▶ **REQUIRED WORK**
Please retype the data below line for line and leave out every picture.

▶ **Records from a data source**
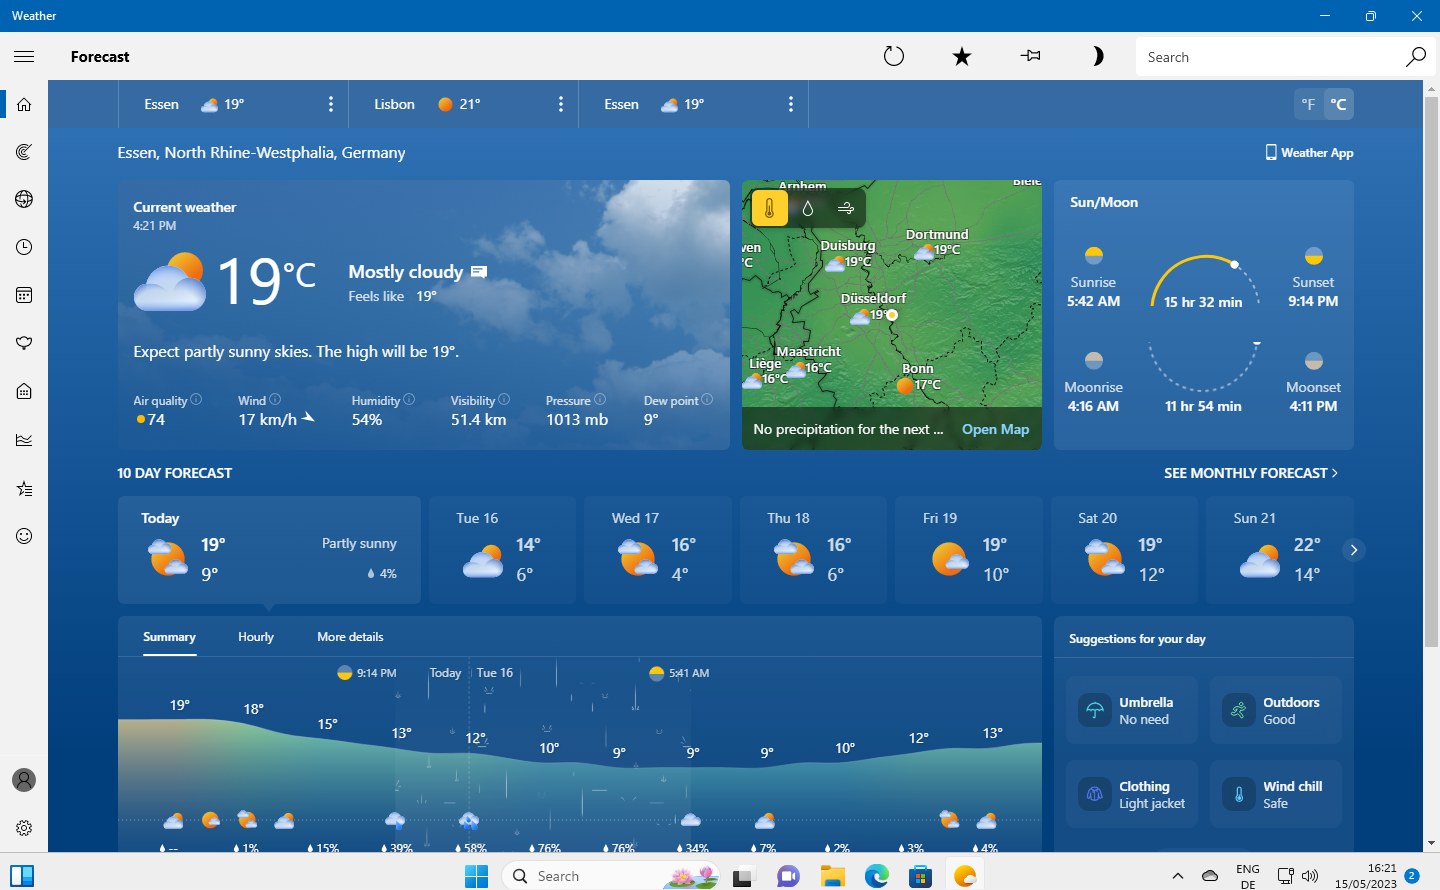 Microsoft removes MSN and most ads from Windows 11's Weather App windows-11-weather-app-update.png
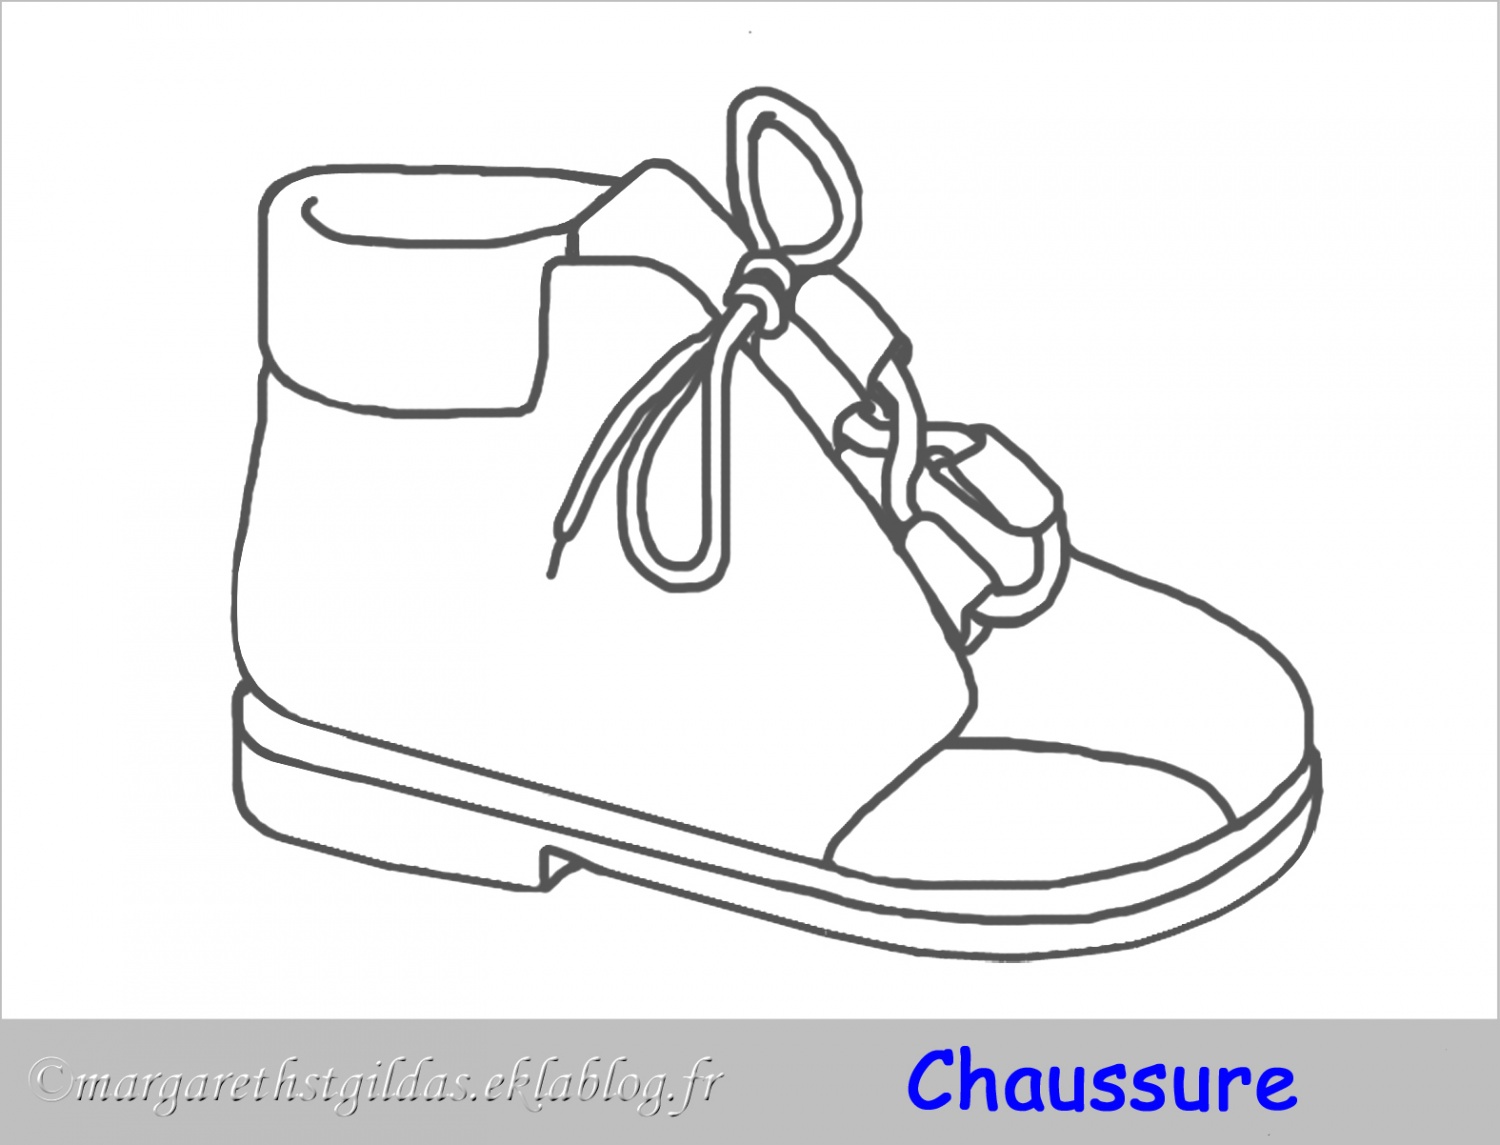 Coloriage : chaussure - margareth
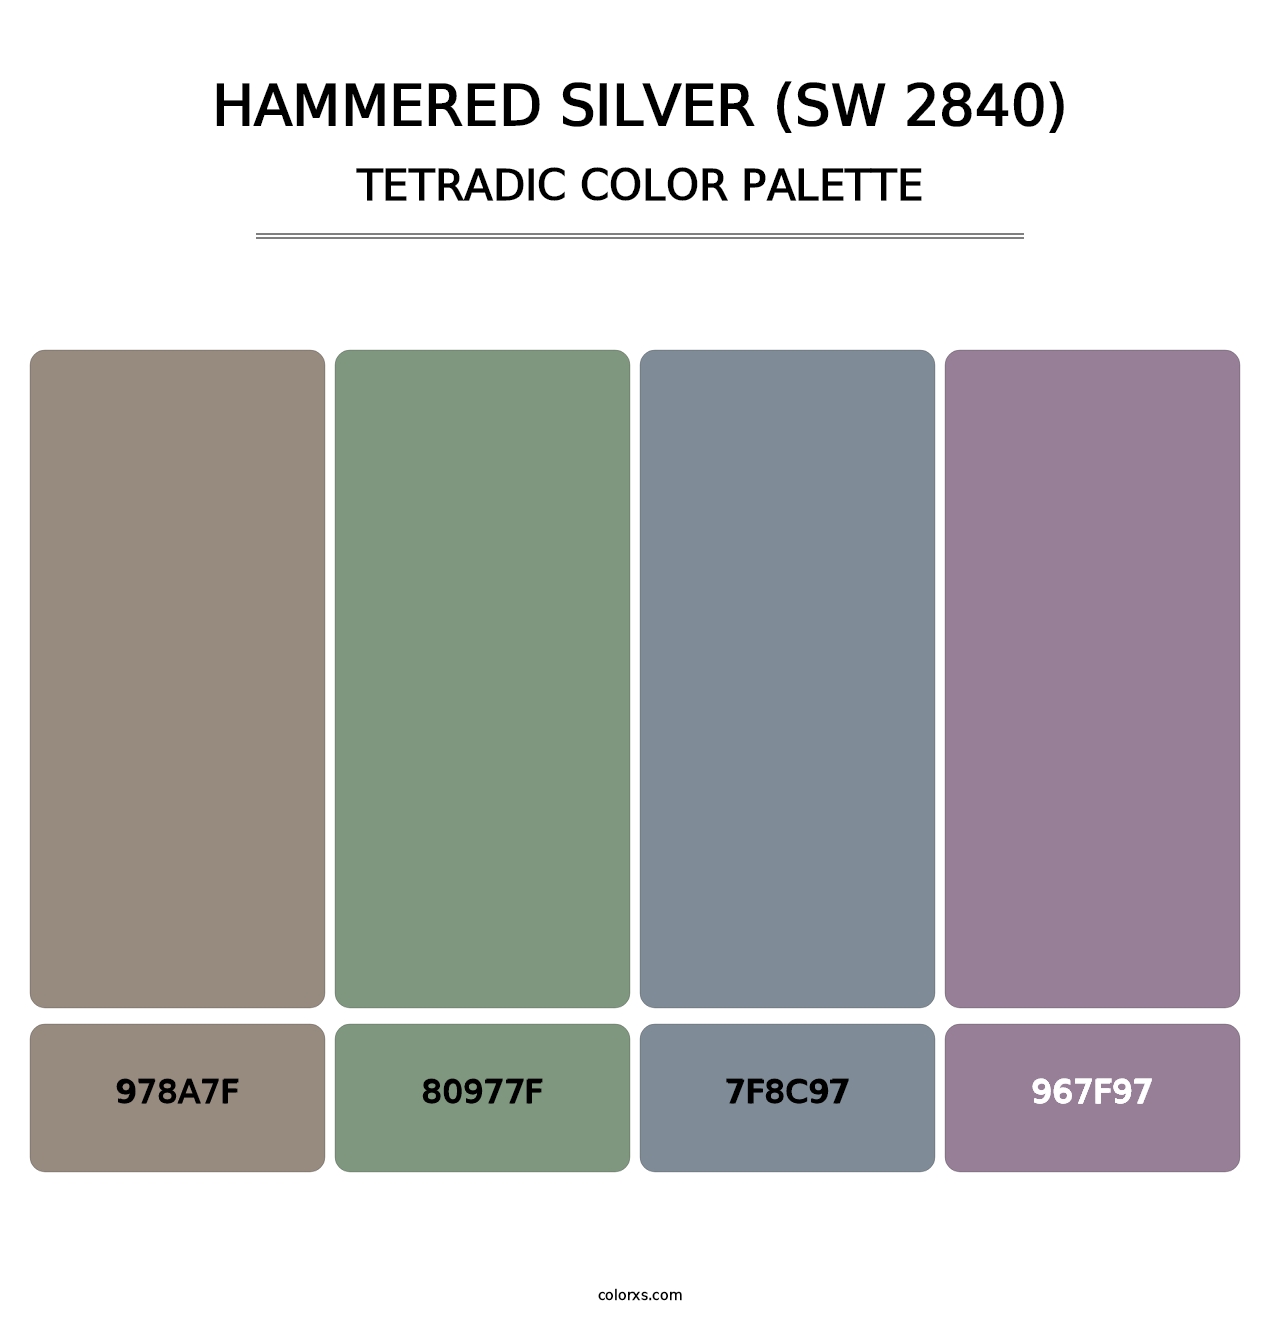 Hammered Silver (SW 2840) - Tetradic Color Palette
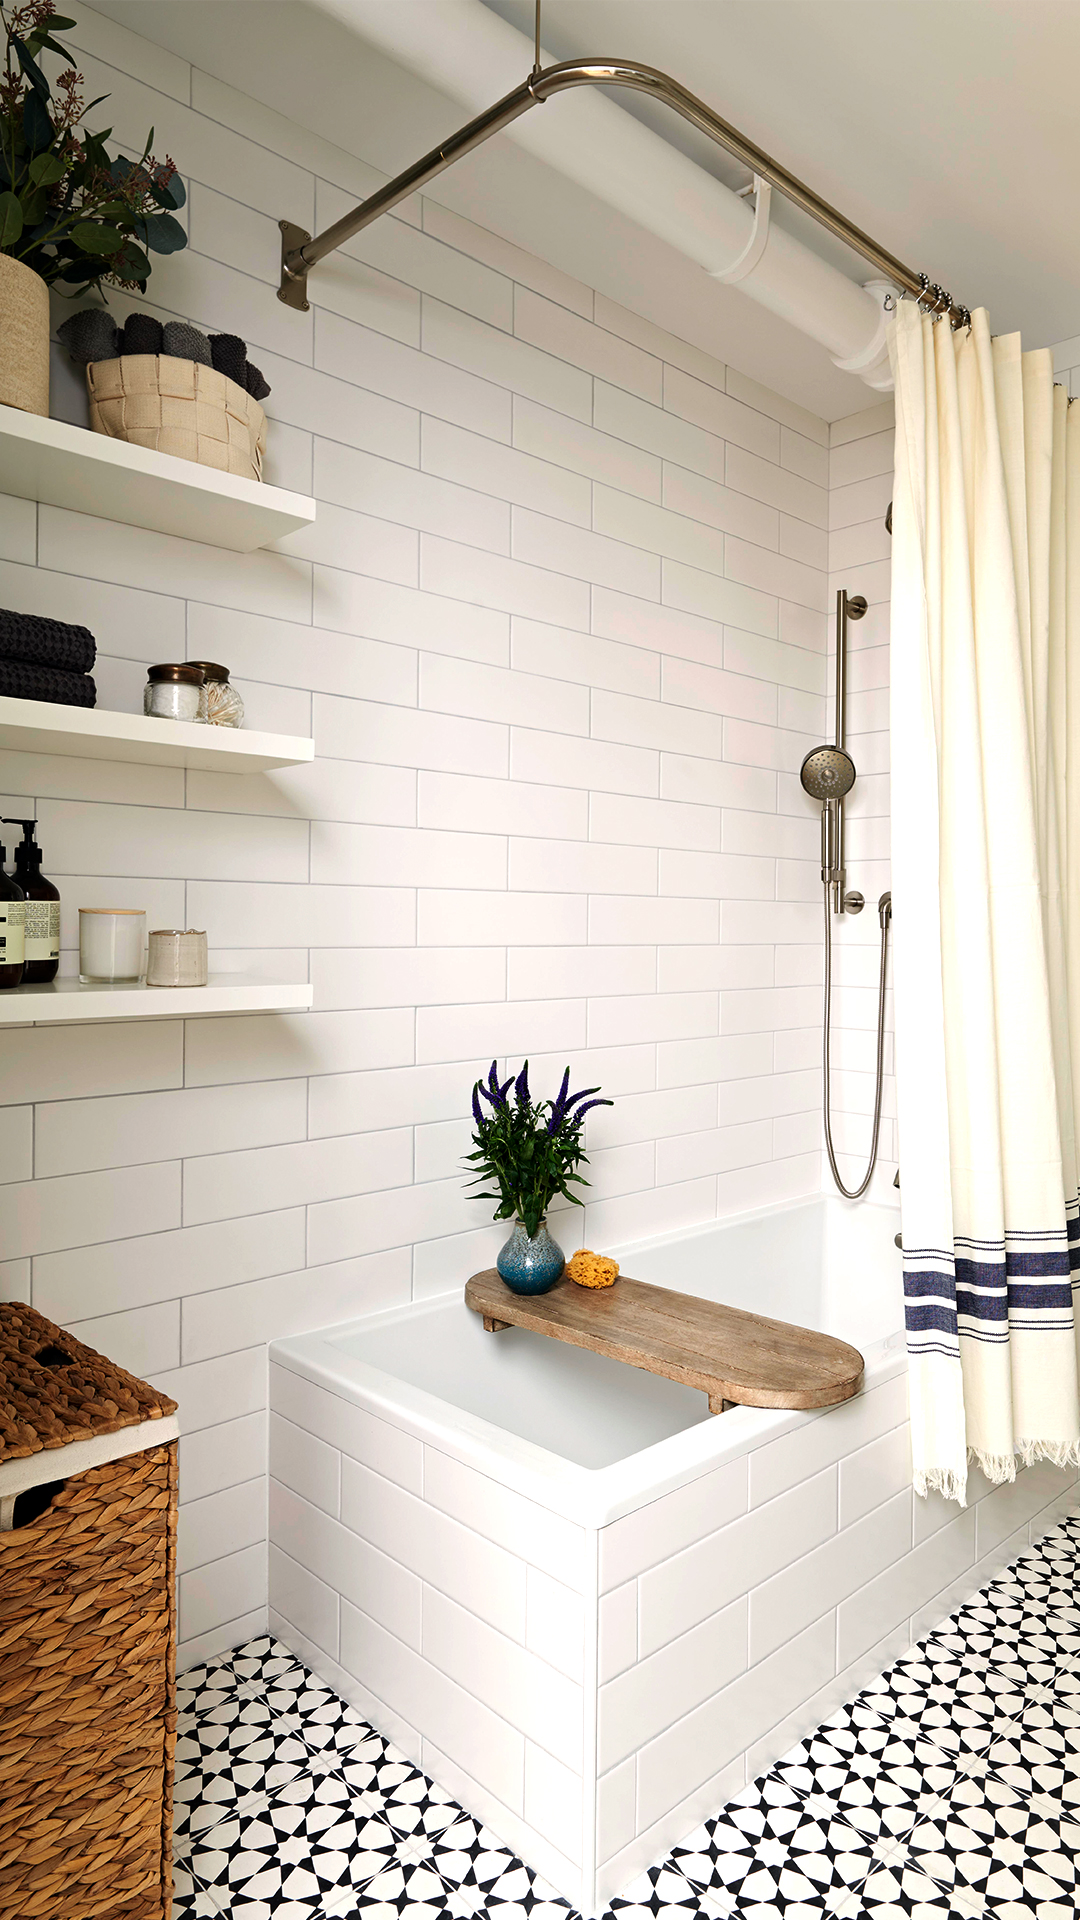 How to Use Tile for Bathroom Walls, Floors, Showers, and More
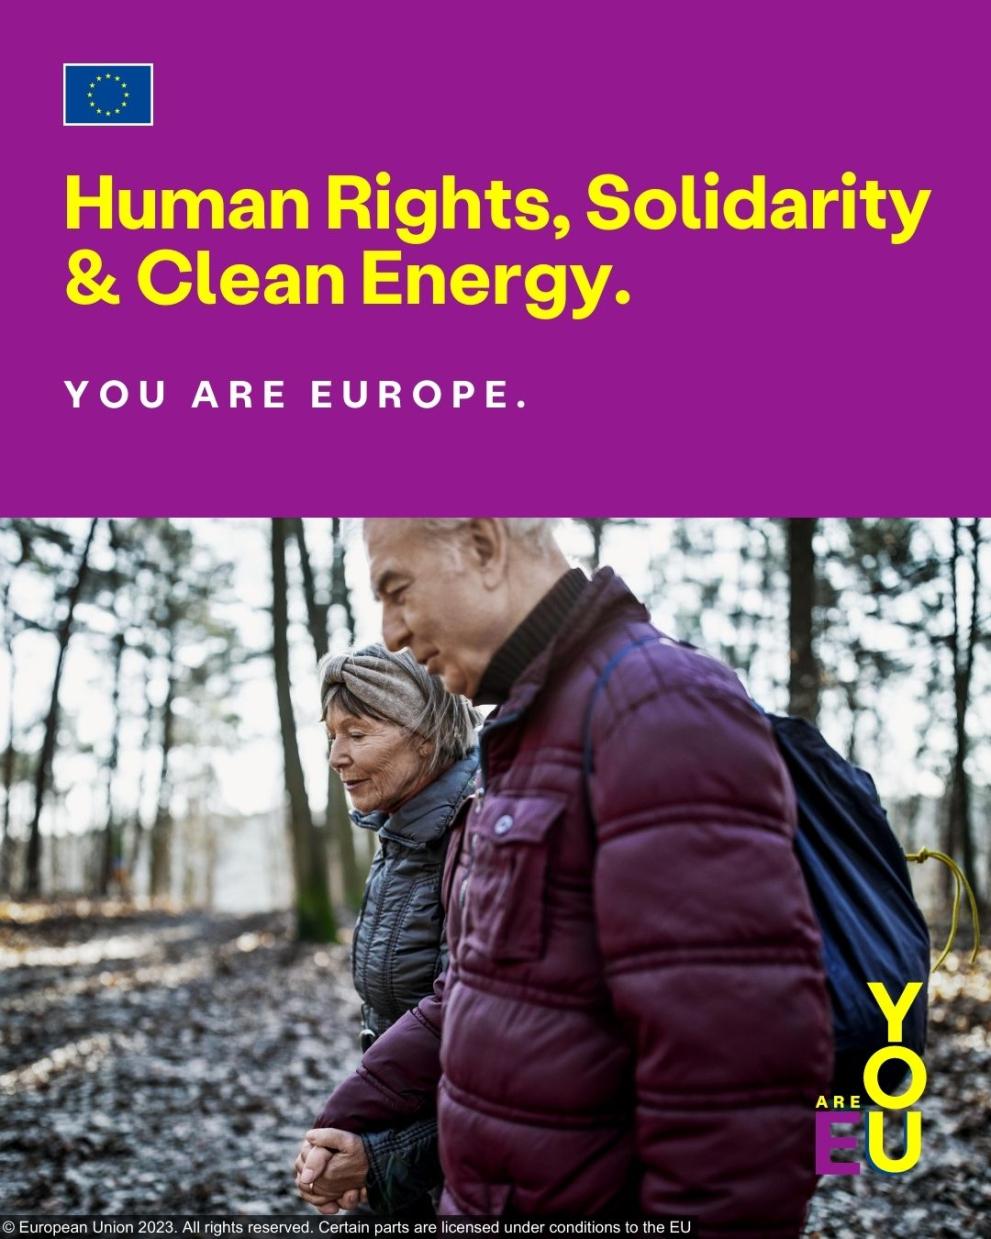 Human Rights, Solidarity and Clean Energy.

▶ **RESULT**
 Microsoft removes MSN and most ads from Windows 11's Weather App windows-11-weather-app-update.png
 Coloriage : chaussure - margareth
 Hammered Silver (SW 2840) - Tetradic Color Palette
 How to Use Tile for Bathroom Walls, Floors, Showers, and More
 Human Rights, Solidarity and Clean Energy.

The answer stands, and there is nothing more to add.